Since we are working in the streaming model, your algorithms must be extremely memory efficient. To track the amount of memory your program is using, you must use the functions provided to you in cs368lib.py. cs368lib.py must not be modified. The cs368lib file provides to you the following functions/classes that you may find useful:

class tracked_sortedlist: A dynamic list that retains sorted order. Any operations on this list run in logarithmic time. Any python list operations (such as indexing, iteration, or slicing) will work on this list.
class tracked_list: A normal dynamic list. Appending or popping from the end is constant time. Any python list operations (such as indexing, iteration, or slicing) will work on this list.
tracked_int and tracked_double: Use these functions when you want to create an integer or a double variable.
hash and hash_double: These functions take in an integer elem and an integer seed. hash will map the integer elem to a random 64-bit integer. hash_double will map the integer to a random value in [0, 1]. To get different hash functions, use different seed values.

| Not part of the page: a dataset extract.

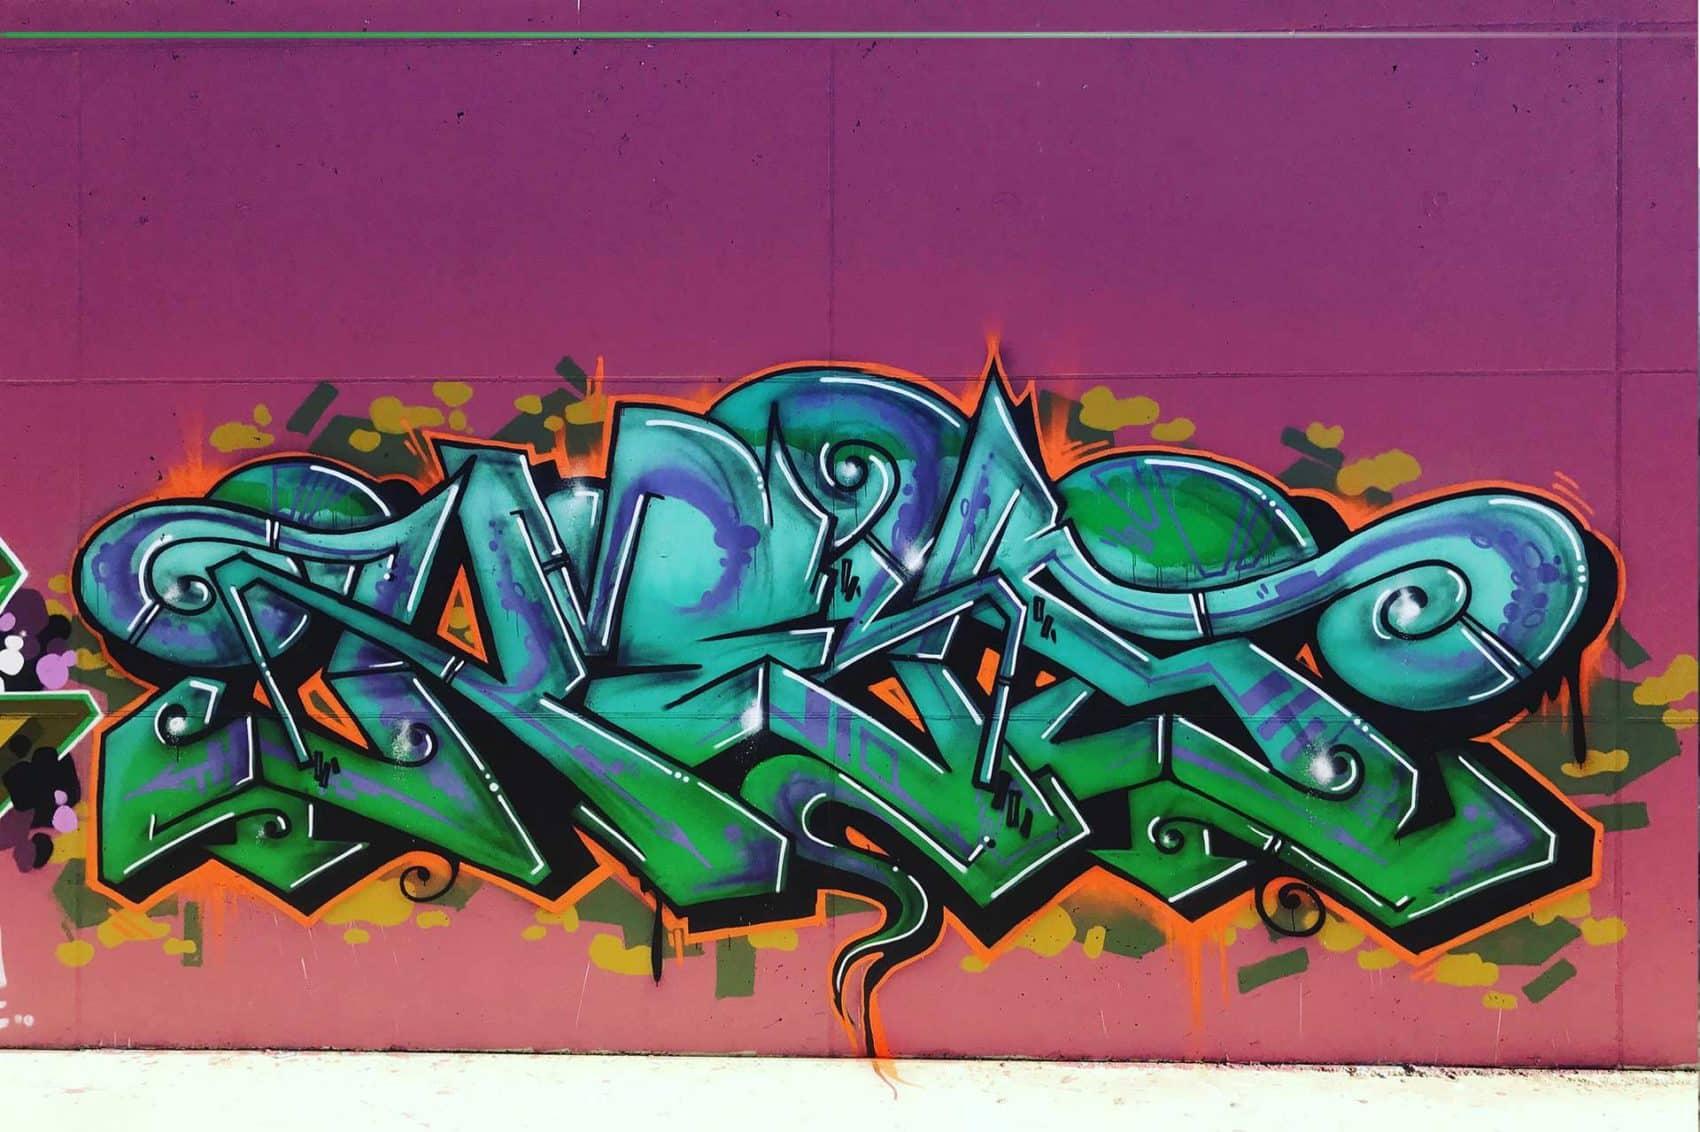 Graffiti writer keys

Any memory you use must be tracked using cs368lib. Failure to do so will result in penalization.

Submissions, Grading, and ⚝Scoreboard⚝

Scoreboard names

When you submit to gradescope, please only upload stream.py. Upon submission, you will get a prompt for filling out your scoreboard name. Feel free to choose any name you wish.

Time limits

The judge will run your estimators on a variety of input distributions under a some-what tight time limit. This means that the time complexity of your solution is important as well. Each test case will get 1-10 seconds of run time. If you timeout on a test case, no credit is given for that test case.

Memory limits

The grader also grades you based on the amount of memory you use. If your submission uses too much memory on a test case, no credit is given. The accepted level of memory is 30/eps^2 (since the memory of the hash functions is not counted). You are encouraged to optimize your solution to use even less memory.

Accepted level of error

If your solution does not return something within an additive eps F1 error of the exact solution, no credit is given.

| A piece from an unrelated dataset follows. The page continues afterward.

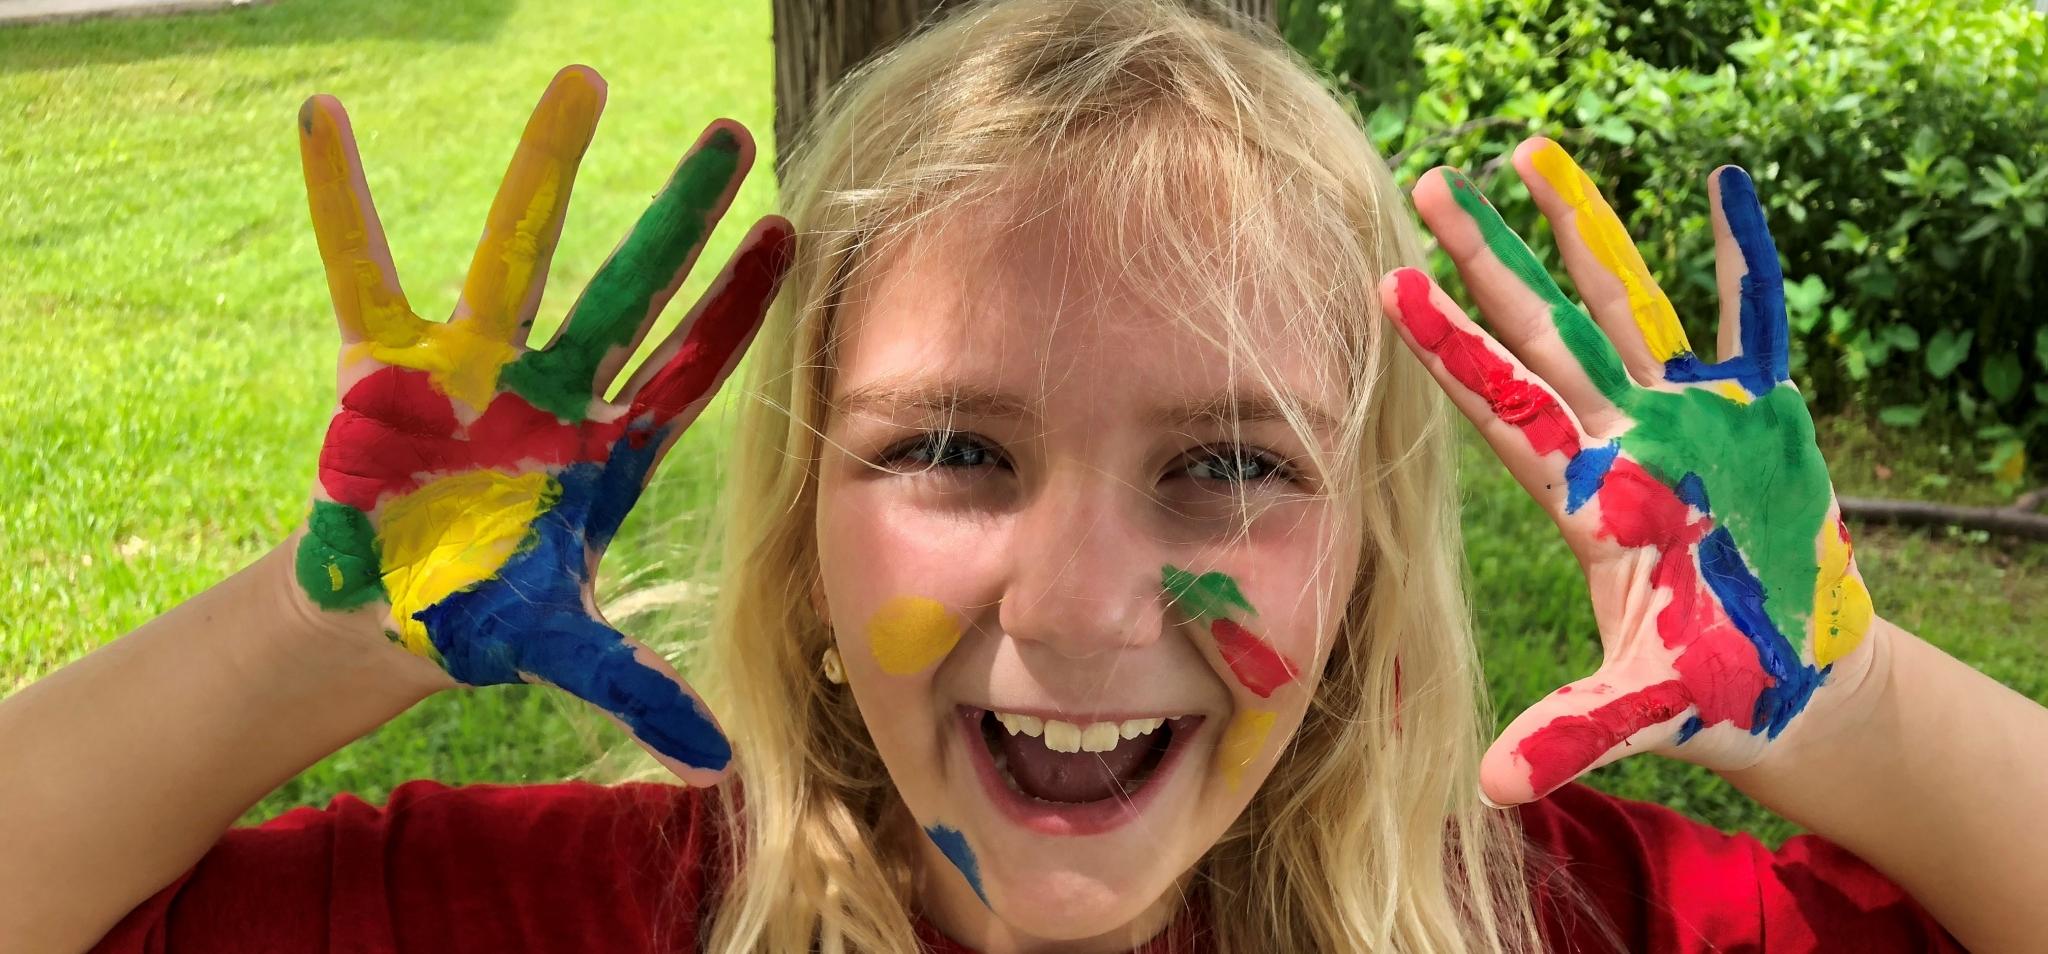 KidzArt: WEEK 1 Art in the Afternoon Summer Camp

Lastly, please do not submit excessively. Each submission takes a few minutes to judge and we only have 1 machine. Instead, test things locally when possible.

Final words

Start early! Please do not leave the programming assignments to the last minute.
For testing your solution, it may help to write random input generators and test locally. To help you test, the default implementation of the estimators returns the exact solution.
Always keep in mind the time complexity of your solution. It must run fast enough to process a stream of size 100k in less than 10 seconds.
If you have suggestions for new problems or improvements to current problems, let me know!